The Anglo African Oil & Gas (LON:AAOG) Share Price Is Down 98% So Some Shareholders Are Very Salty
The art and science of stock market investing requires a tolerance for losing money on some of the shares you buy. But it's not unreasonable to try to avoid truly shocking capital losses. So spare a thought for the long term shareholders of Anglo African Oil & Gas plc (LON:AAOG); the share price is down a whopping 98% in the last twelve months. While some investors are willing to stomach this sort of loss, they are usually professionals who spread their bets thinly. Anglo African Oil & Gas hasn't been listed for long, so although we're wary of recent listings that perform poorly, it may still prove itself with time. Furthermore, it's down 91% in about a quarter. That's not much fun for holders.
While a drop like that is definitely a body blow, money isn't as important as health and happiness.
Check out our latest analysis for Anglo African Oil & Gas
We don't think Anglo African Oil & Gas's revenue of UK£200,649 is enough to establish significant demand. This state of affairs suggests that venture capitalists won't provide funds on attractive terms. So it seems that the investors focused more on what could be, than paying attention to the current revenues (or lack thereof).
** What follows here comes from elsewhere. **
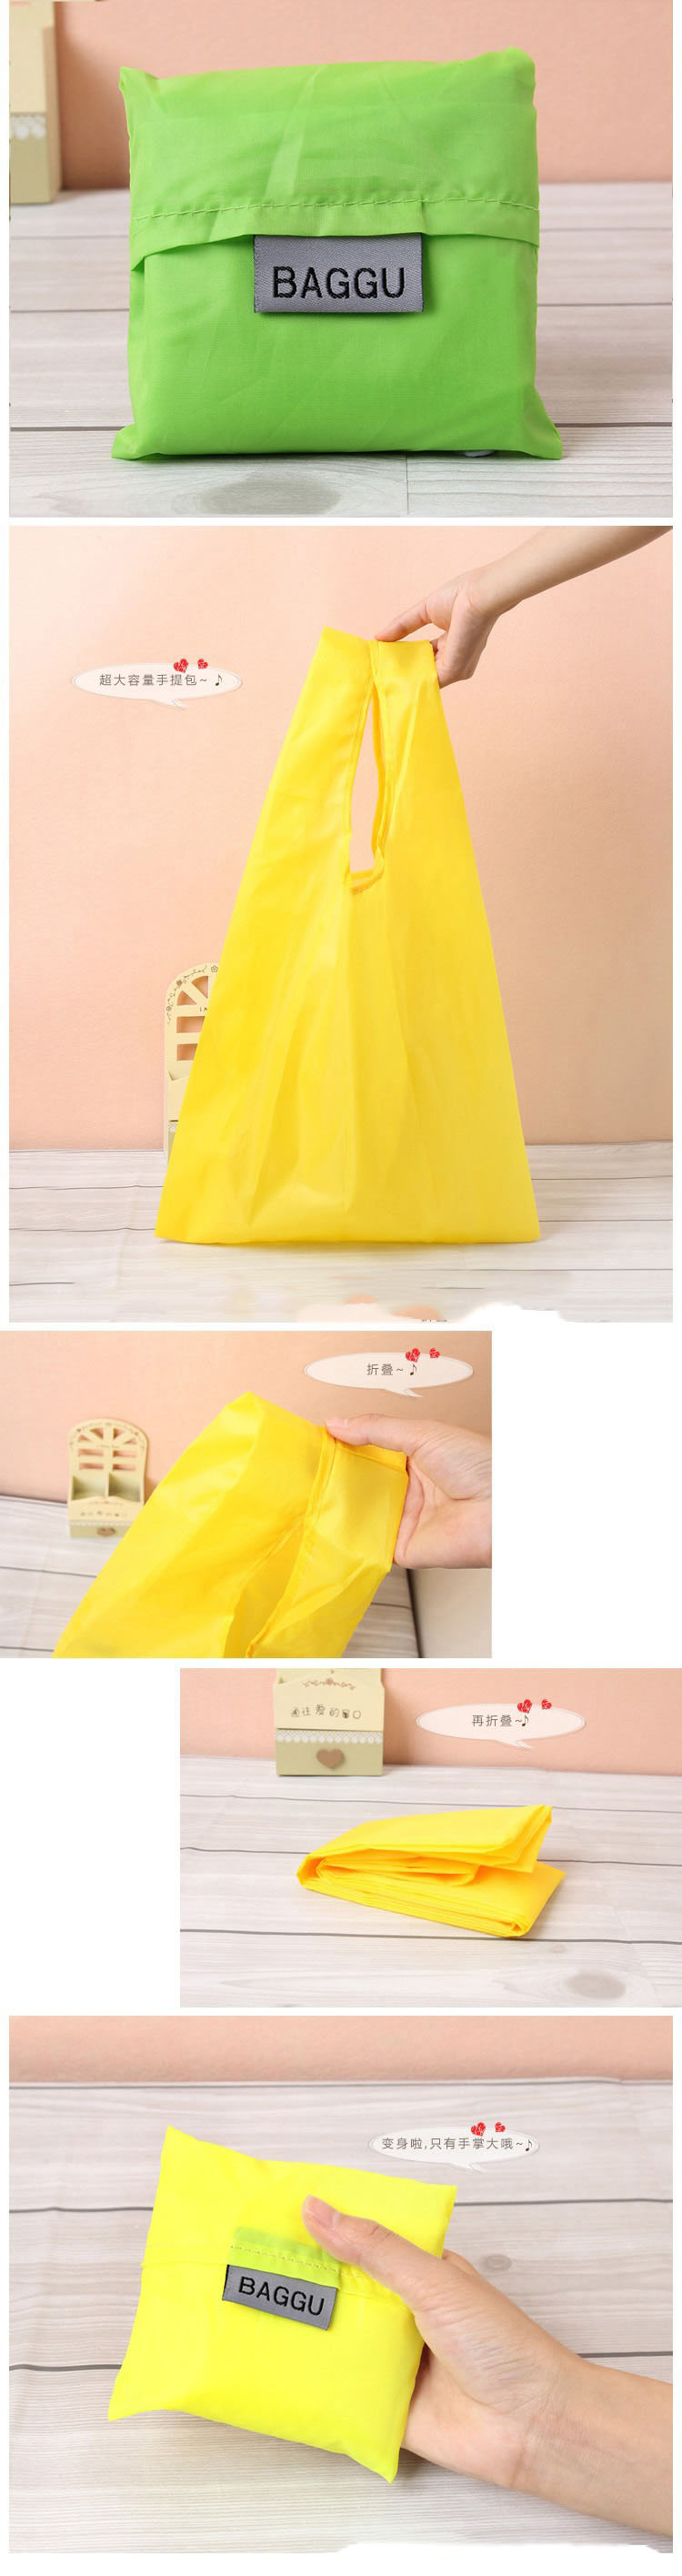 TS折叠购物袋手提袋创意礼品购物袋涤纶 折叠纯色折叠购物袋方包详情9

For example, they may be hoping that Anglo African Oil & Gas finds fossil fuels with an exploration program, before it runs out of money.
We think companies that have neither significant revenues nor profits are pretty high risk. There is usually a significant chance that they will need more money for business development, putting them at the mercy of capital markets. So the share price itself impacts the value of the shares (as it determines the cost of capital). While some such companies go on to make revenue, profits, and generate value, others get hyped up by hopeful naifs before eventually going bankrupt. Some Anglo African Oil & Gas investors have already had a taste of the bitterness stocks like this can leave in the mouth.
Anglo African Oil & Gas had liabilities exceeding cash by UK£7.3m when it last reported in June 2019, according to our data. That makes it extremely high risk, in our view. But since the share price has dived -98% in the last year , it looks like some investors think it's time to abandon ship, so to speak. You can click on the image below to see (in greater detail) how Anglo African Oil & Gas's cash levels have changed over time. The image below shows how Anglo African Oil & Gas's balance sheet has changed over time; if you want to see the precise values, simply click on the image.
Of course, the truth is that it is hard to value companies without much revenue or profit. Would it bother you if insiders were selling the stock? I'd like that just about as much as I like to drink milk and fruit juice mixed together. It only takes a moment for you to check whether we have identified any insider sales recently.
A Different Perspective
Given that the market gained 12% in the last year, Anglo African Oil & Gas shareholders might be miffed that they lost 98%. However, keep in mind that even the best stocks will sometimes underperform the market over a twelve month period. With the stock down 91% over the last three months, the market doesn't seem to believe that the company has solved all its problems. Given the relatively short history of this stock, we'd remain pretty wary until we see some strong business performance. While it is well worth considering the different impacts that market conditions can have on the share price, there are other factors that are even more important. To that end, you should learn about the 7 warning signs we've spotted with Anglo African Oil & Gas (including 5 which is don't sit too well with us) .
If you like to buy stocks alongside management, then you might just love this free list of companies. (Hint: insiders have been buying them).
Please note, the market returns quoted in this article reflect the market weighted average returns of stocks that currently trade on GB exchanges.
If you spot an error that warrants correction, please contact the editor at editorial-team@simplywallst.com. This article by Simply Wall St is general in nature. It does not constitute a recommendation to buy or sell any stock, and does not take account of your objectives, or your financial situation. Simply Wall St has no position in the stocks mentioned.
We aim to bring you long-term focused research analysis driven by fundamental data. Note that our analysis may not factor in the latest price-sensitive company announcements or qualitative material. Thank you for reading.